Every line from the one containing "Winsome Rose (PPG1044-5)" through the end of the listing below must be given again exactly, and nothing else; exclude pictures.

▶ [DATA EXTRACT]
▶
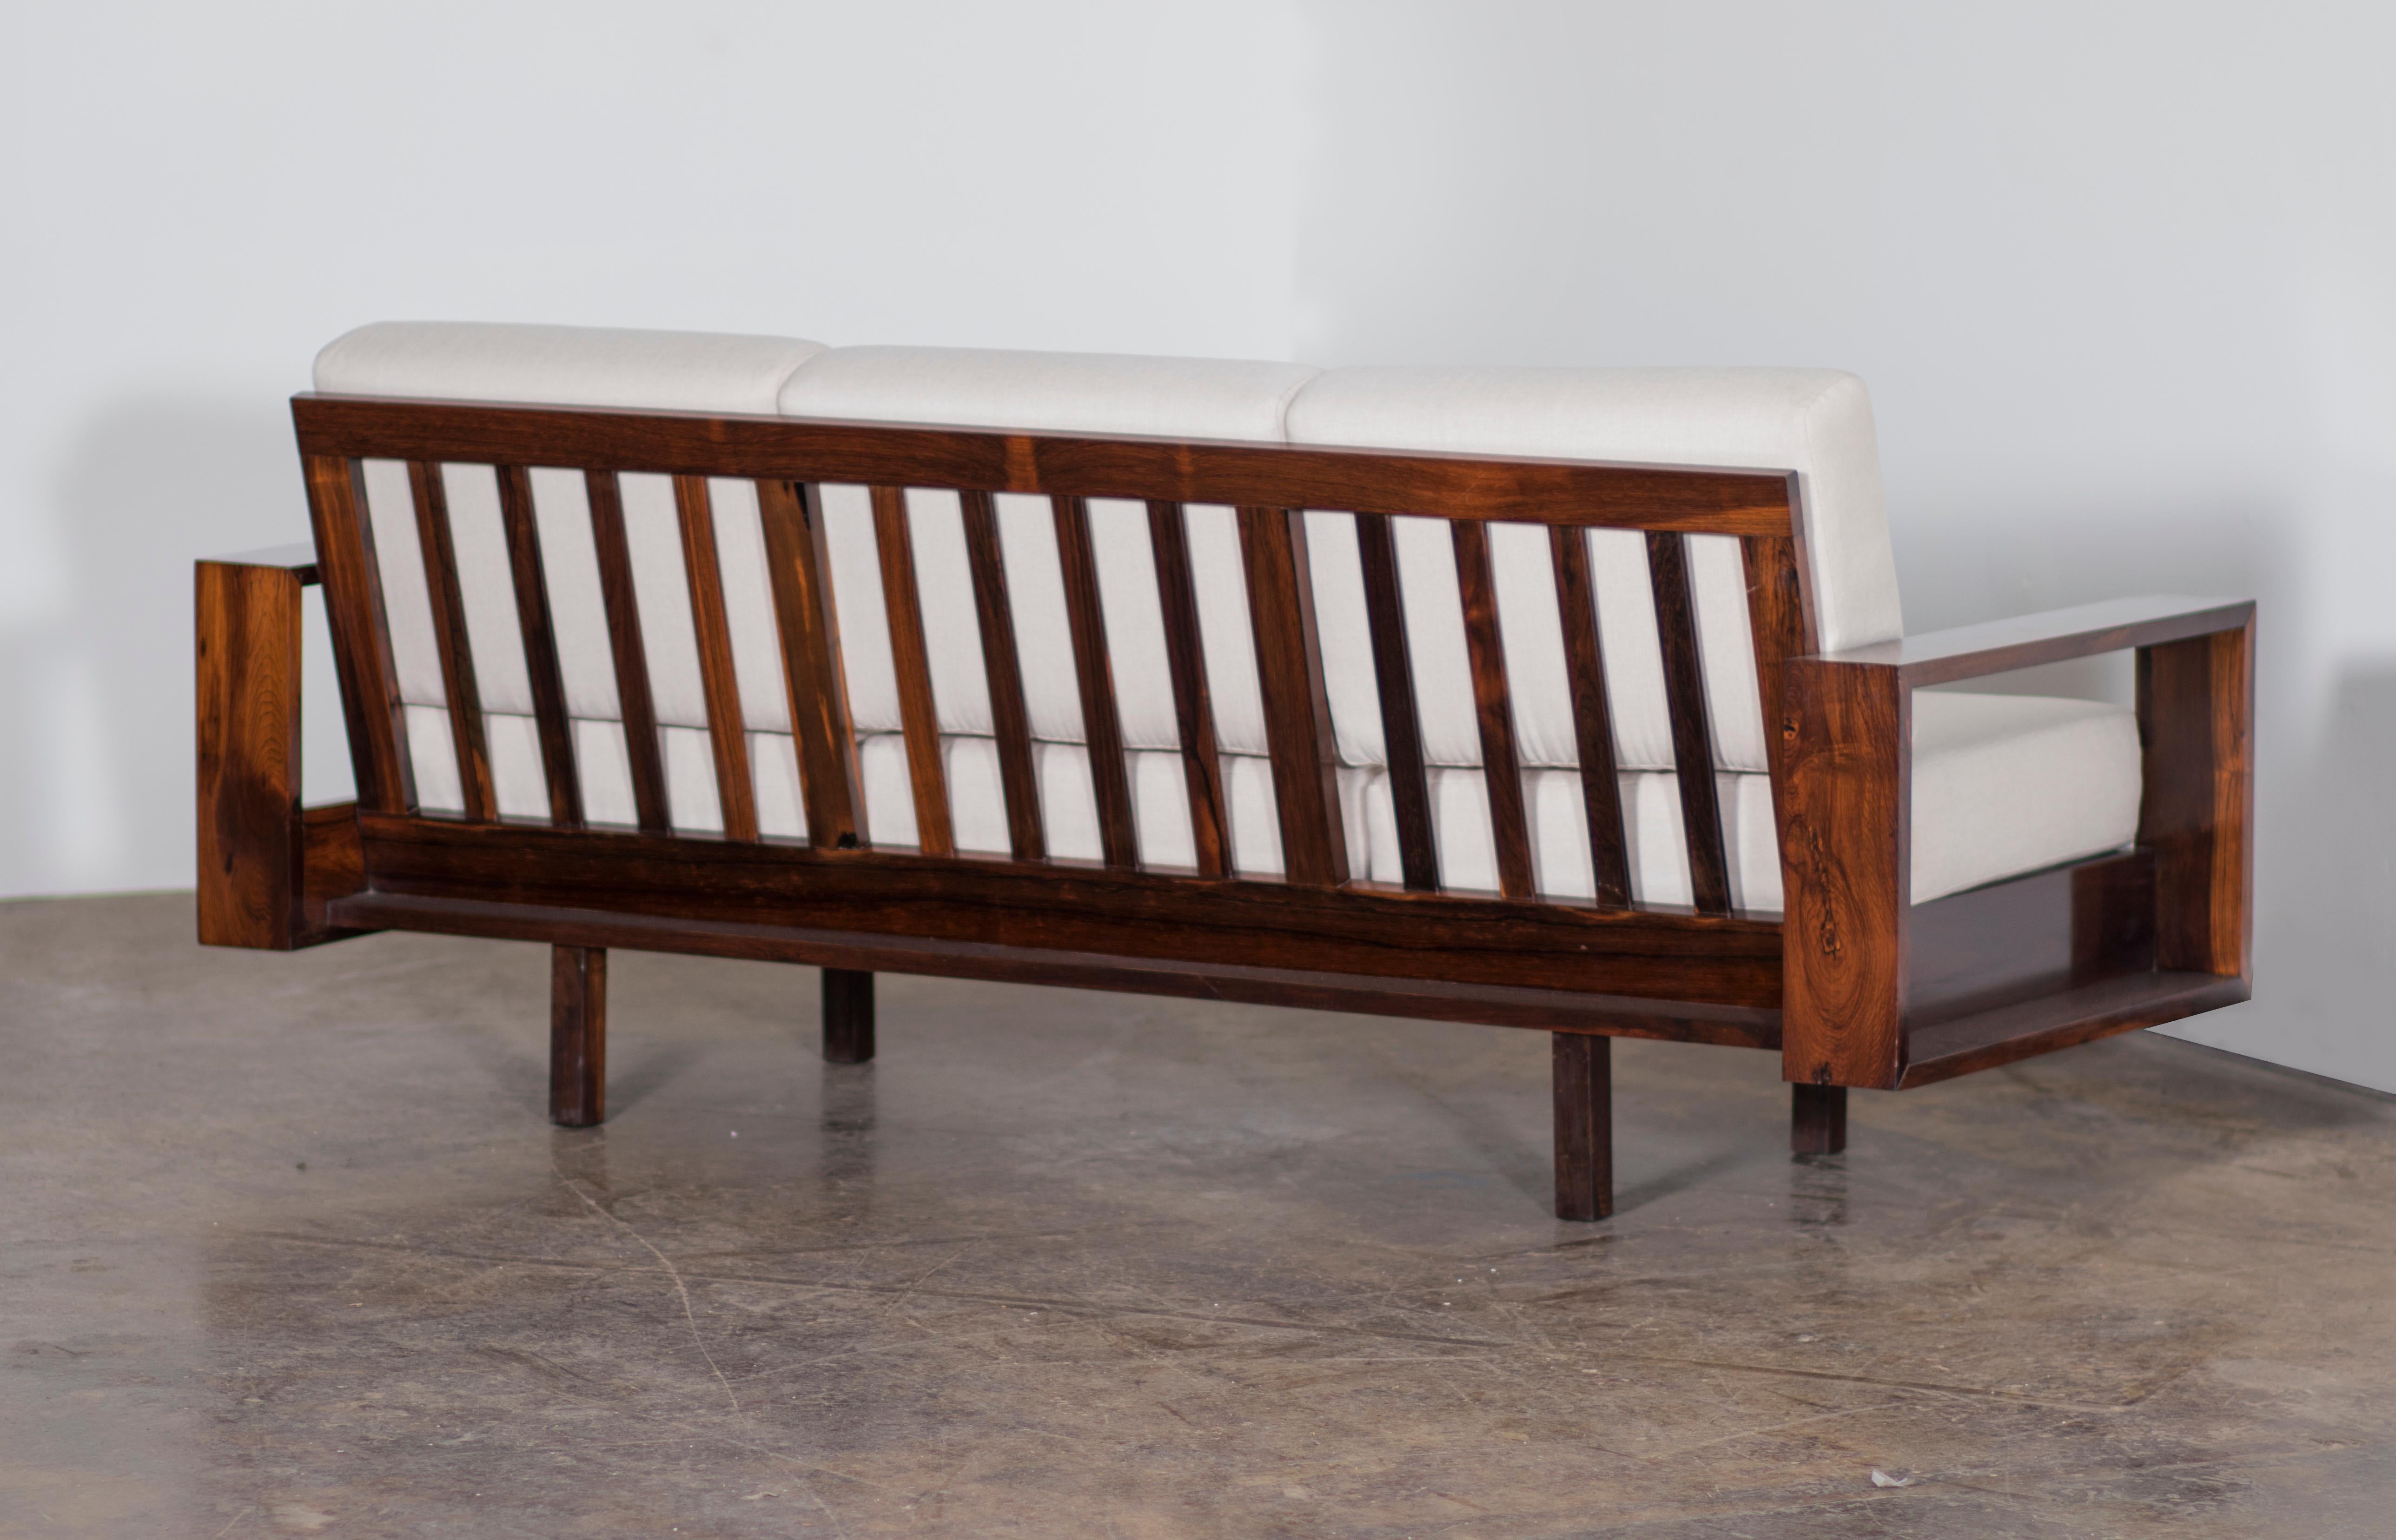 This beautiful sofa is made of solid Brazilian Rosewood (Jacaranda) and recently reupholstered in off white linen by the experienced craftsmen in our team. The armrests have a rectangular design, the back is composed of vertical slats, and the base
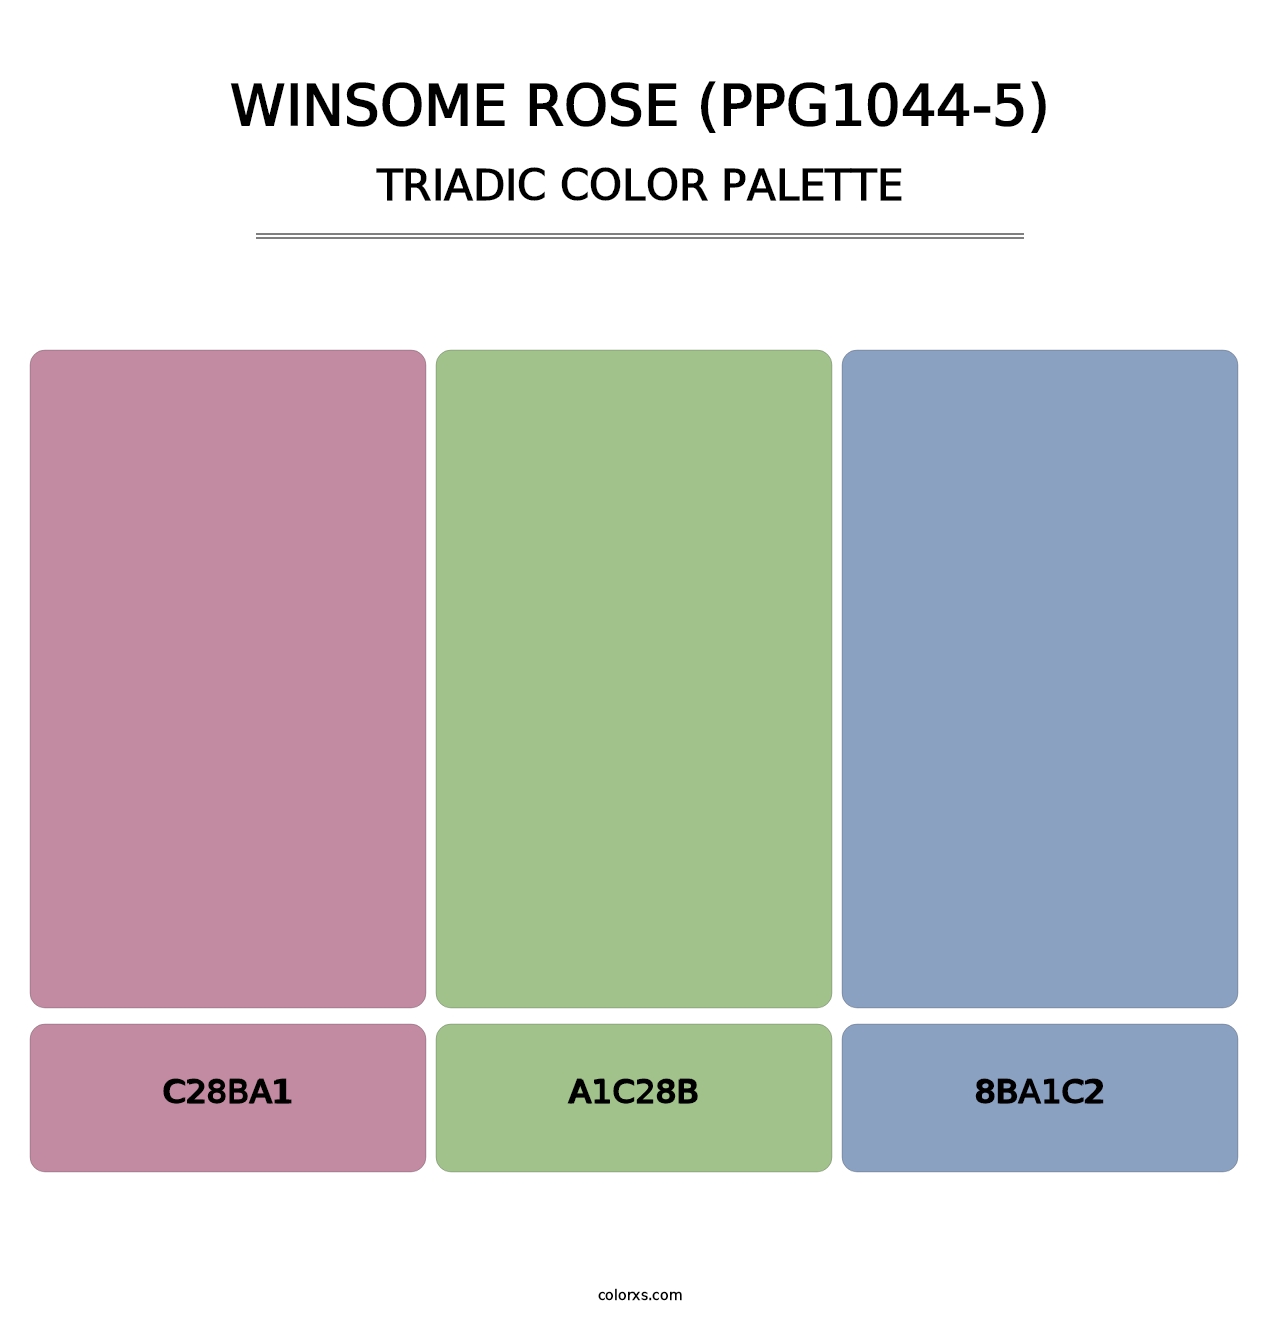 Winsome Rose (PPG1044-5) - Triadic Color Palette
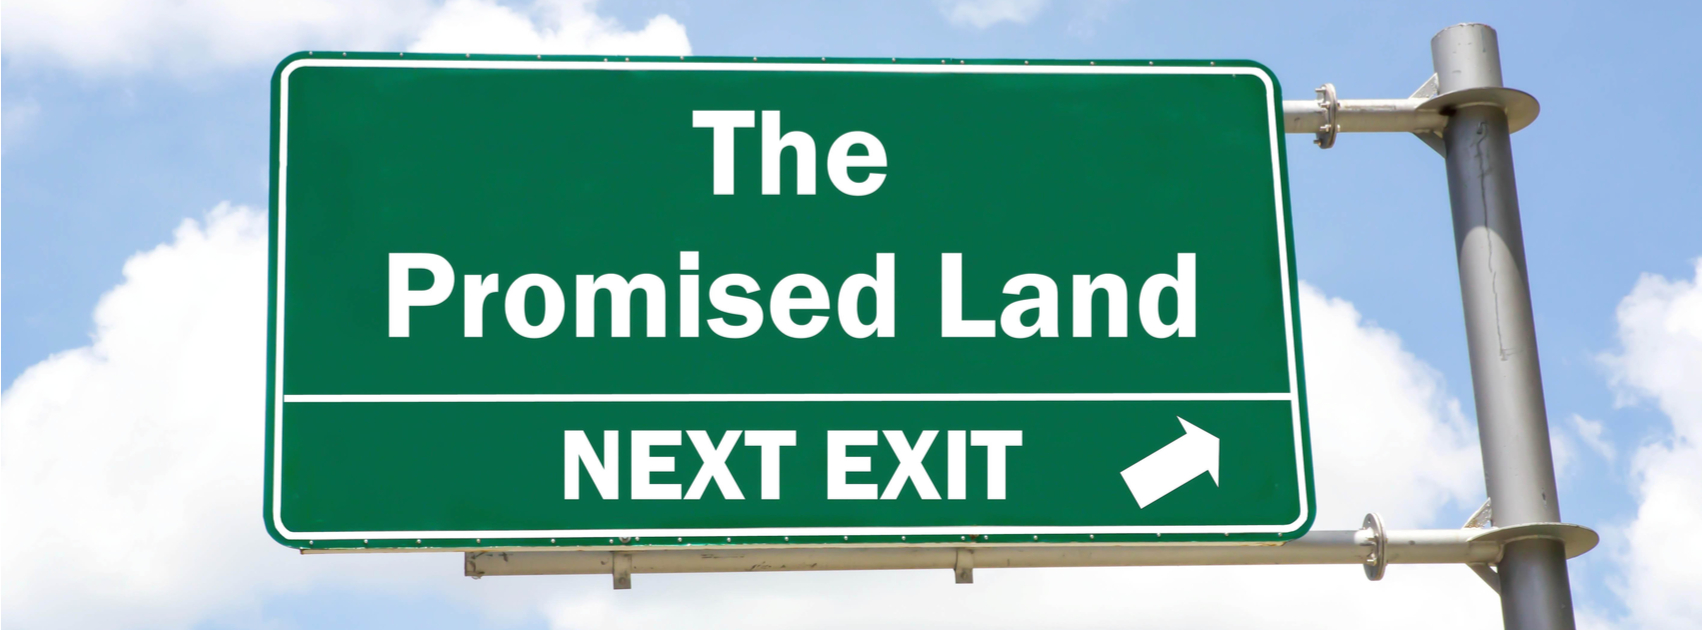 What Is the Promised Land?
◀
▶ [EXERCISE OUTPUT]
 Winsome Rose (PPG1044-5) - Triadic Color Palette
 What Is the Promised Land?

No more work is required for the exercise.